- From: Michael A. Peters <mpeters@domblogger.net>
- Date: Tue, 1 Nov 2016 03:41:39 -0700
- To: whatwg@lists.whatwg.org
On 11/01/2016 03:32 AM, Roger Hågensen wrote: > On 2016-11-01 10:42, Roger Hågensen wrote: >> I was wondering how can a server or script identify if a request is from >> page, iframe or xhr? > > > I really hate answering myself (and so soon after making a post) but it > seems I have found the answer at > https://developer.mozilla.org/en-US/docs/Web/Security/CSP/CSP_policy_directives > > > and the support is pretty good according to > http://caniuse.com/#feat=contentsecuritypolicy > > > But on MDN it says "For workers, non-compliant requests are treated as > fatal network errors by the user agent." > But does this apply to non-workers too? > > And is there any way to prevent injected hostile scripts? > I guess loading scripts from a specific (whitelisted) url could do the > trick? Or maybe using strict-dynamic. > > Darnit it. I may just have answered my own questions here. > > Somewhere in the document (body, main, etc.) when a page is generated I include a data-csrf attribute that contains a single use token only good for the session id that requested the page (session id in the cookie) Then any post submission, JS reads that token and adds it to the POST data. In the case of Ajax submissions, the Ajax response includes a fresh token that then gets inserted into the data-csrf attribute for the next time the page sends a POST response.
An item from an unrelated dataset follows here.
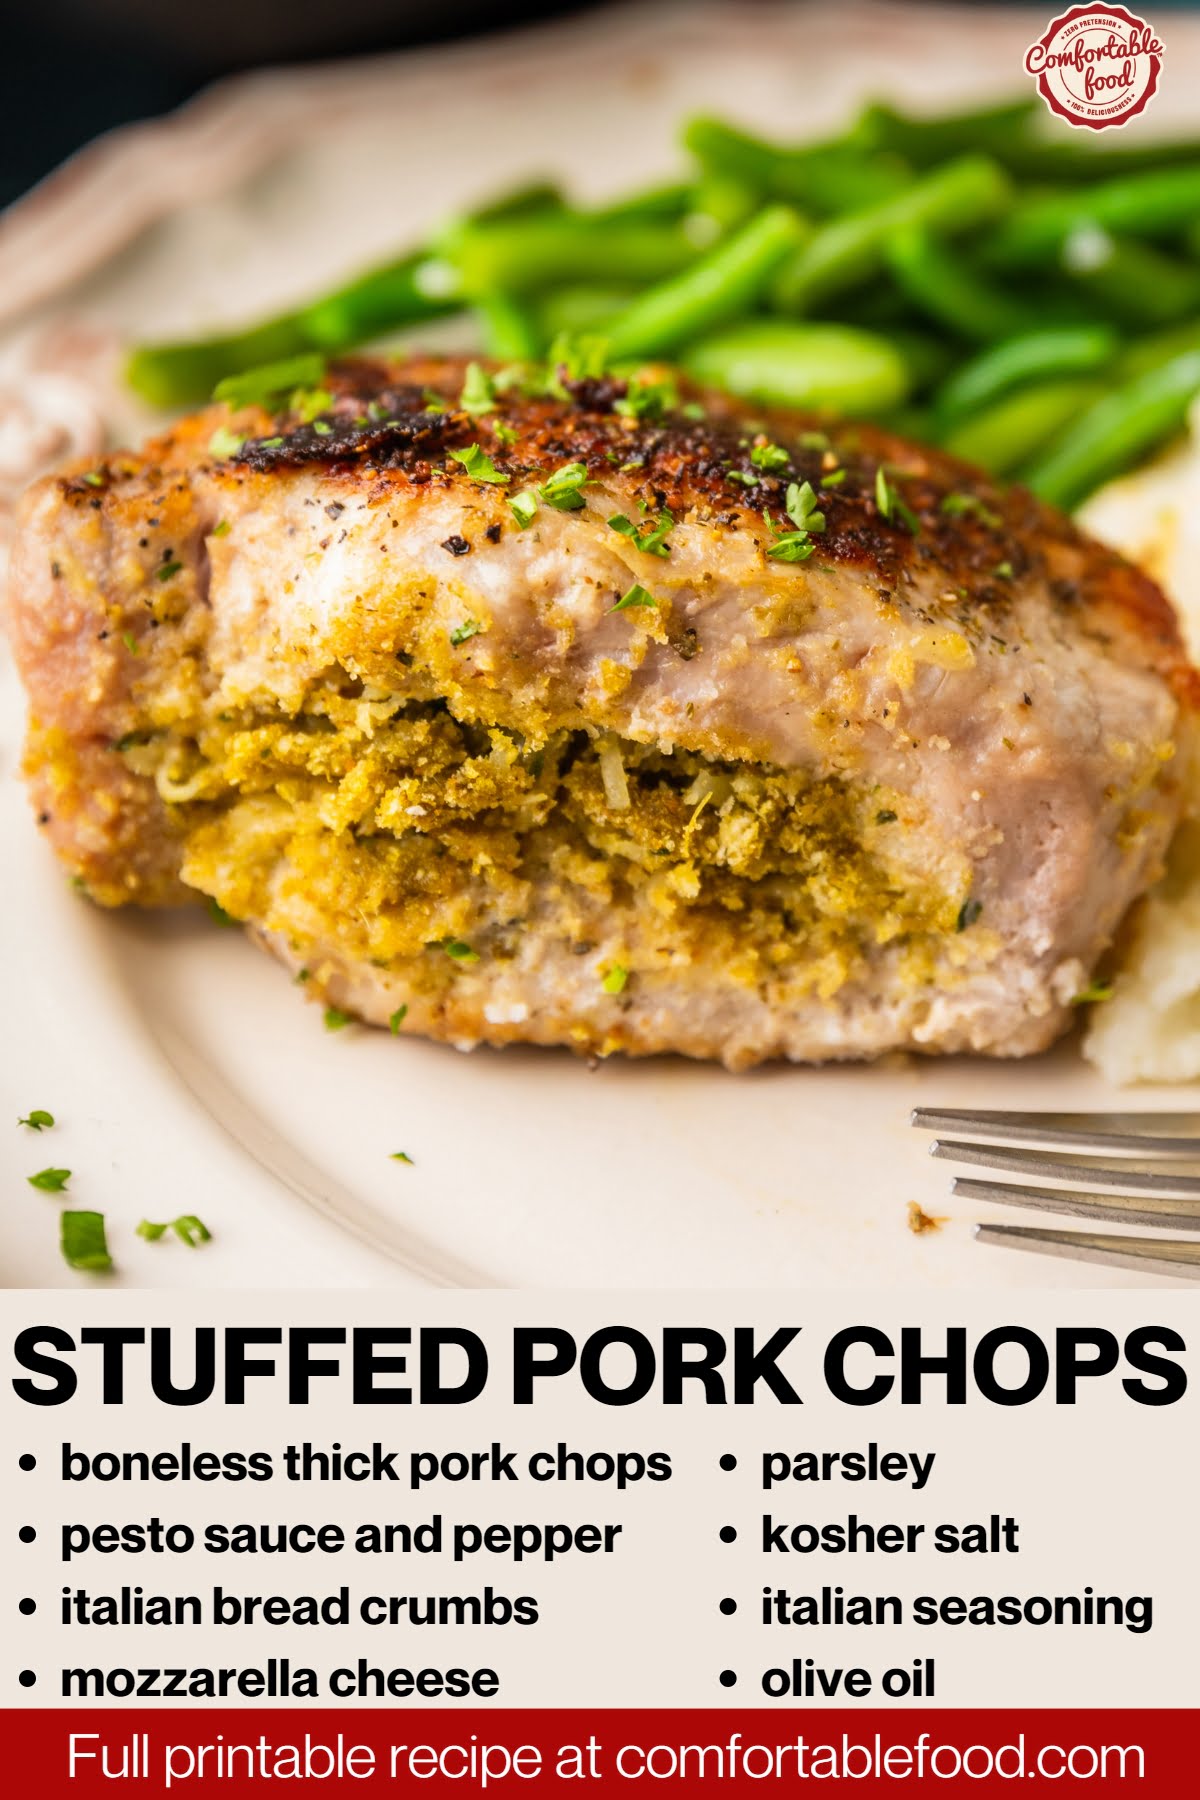 Stuffed pork chops socials3

My web apps usually put it in whatever element has the id of content so reading it via jQuery is as easy as $("#content").attr("data-csrf"); Then with the json response, updating it to new token is as easy as $("#content").attr("data-csrf", json.csrf); It allows single use tokens and makes CSRF attacks virtually impossible as long as you have a proper crypto random string generator to create the new CSRF tokens so they can't be predicted.